___ PROVIDED MATERIAL ___
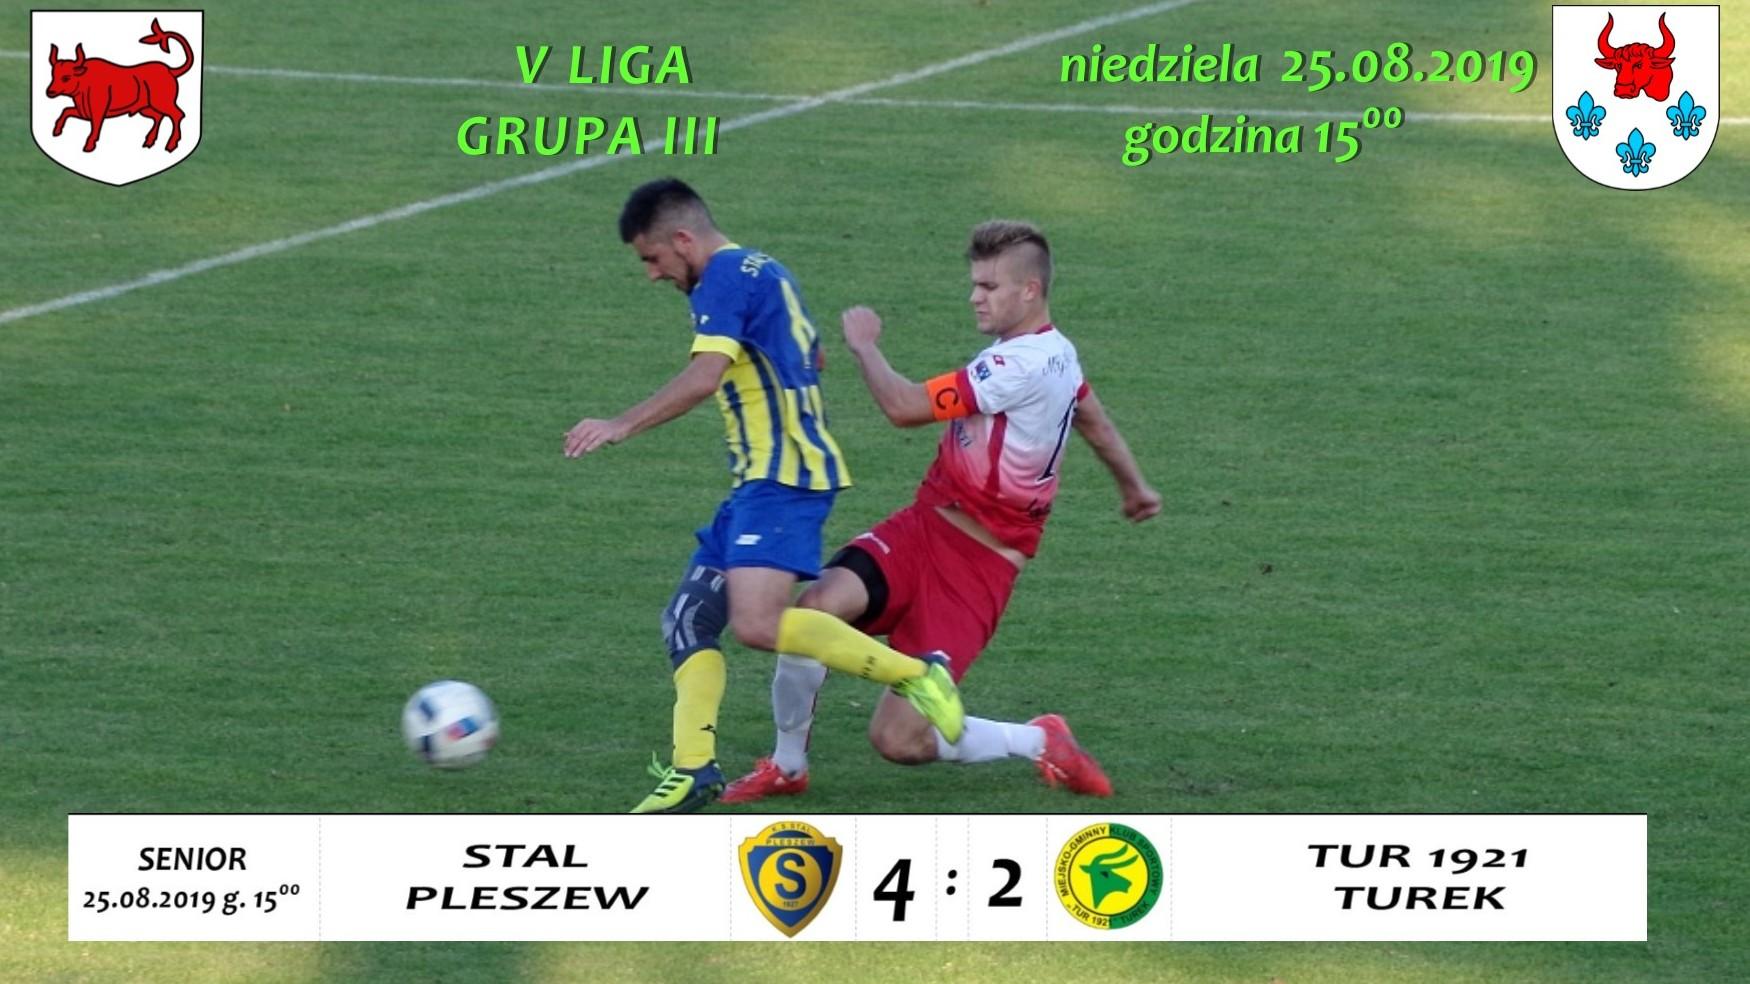 Stal Pleszew- Tur 1921 Turek 4:2, V liga
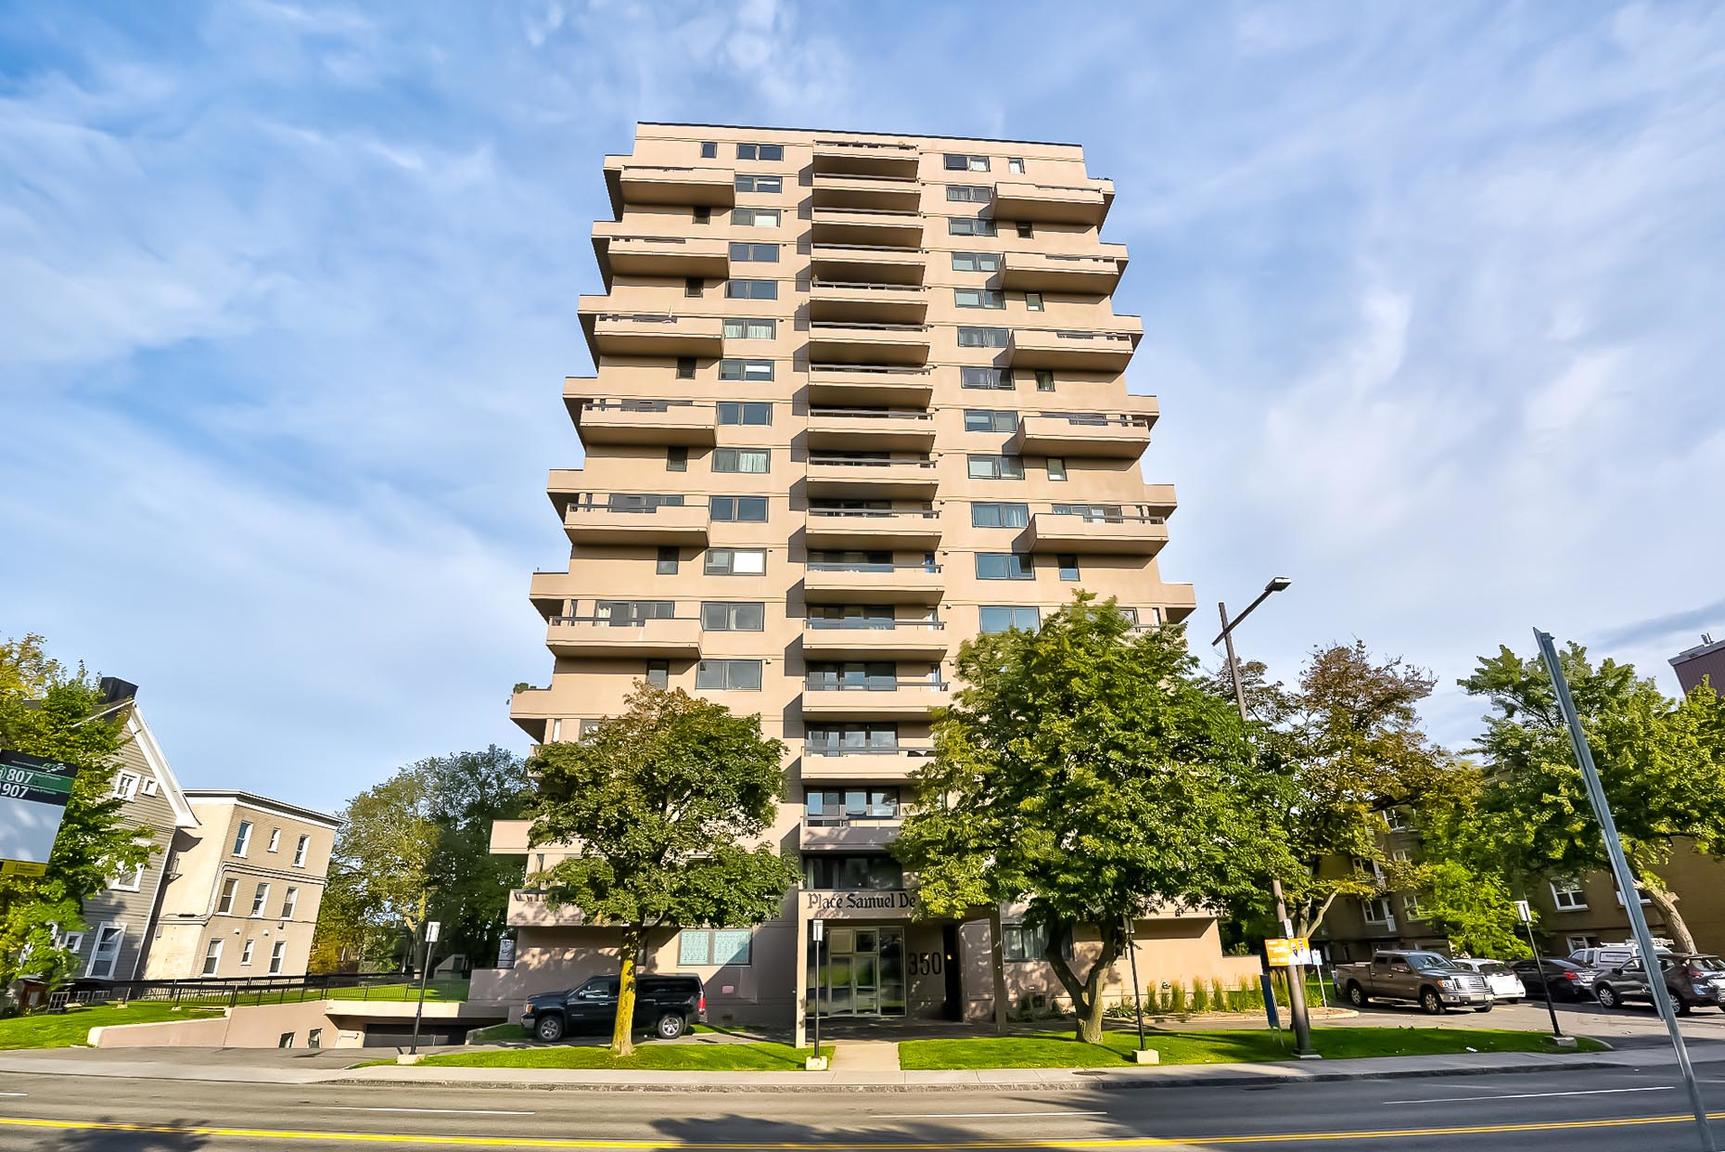 1 bedroom Apartments for rent in Quebec City at Place Samuel de Champlain - Photo 19 - RentersPages – L407129
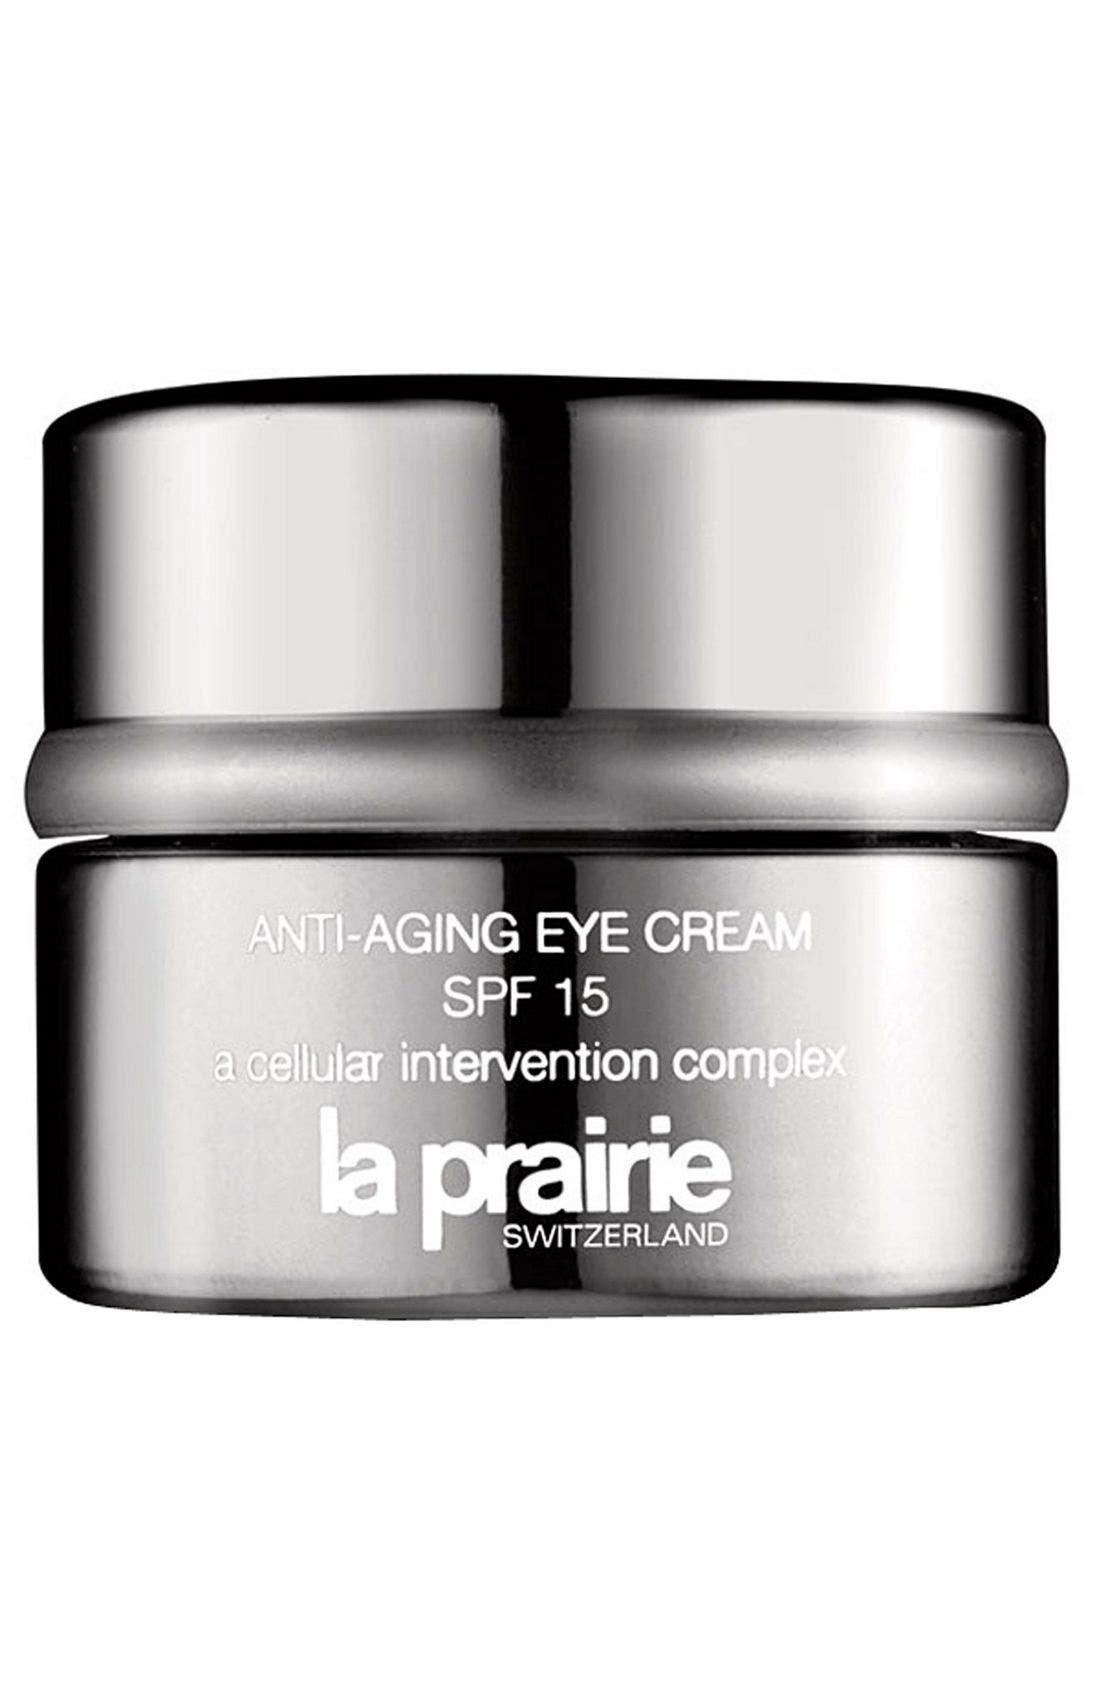 Anti-Aging Eye Cream Sunscreen Broad Spectrum SPF 15,                             Main thumbnail 1, color,                             NO COLOR
___
=== EXERCISE ===
Give back the full listing above word for word, and let no picture through.

=== WRITTEN ANSWER ===
 Stal Pleszew- Tur 1921 Turek 4:2, V liga
 1 bedroom Apartments for rent in Quebec City at Place Samuel de Champlain - Photo 19 - RentersPages – L407129
 Anti-Aging Eye Cream Sunscreen Broad Spectrum SPF 15,                             Main thumbnail 1, color,                             NO COLOR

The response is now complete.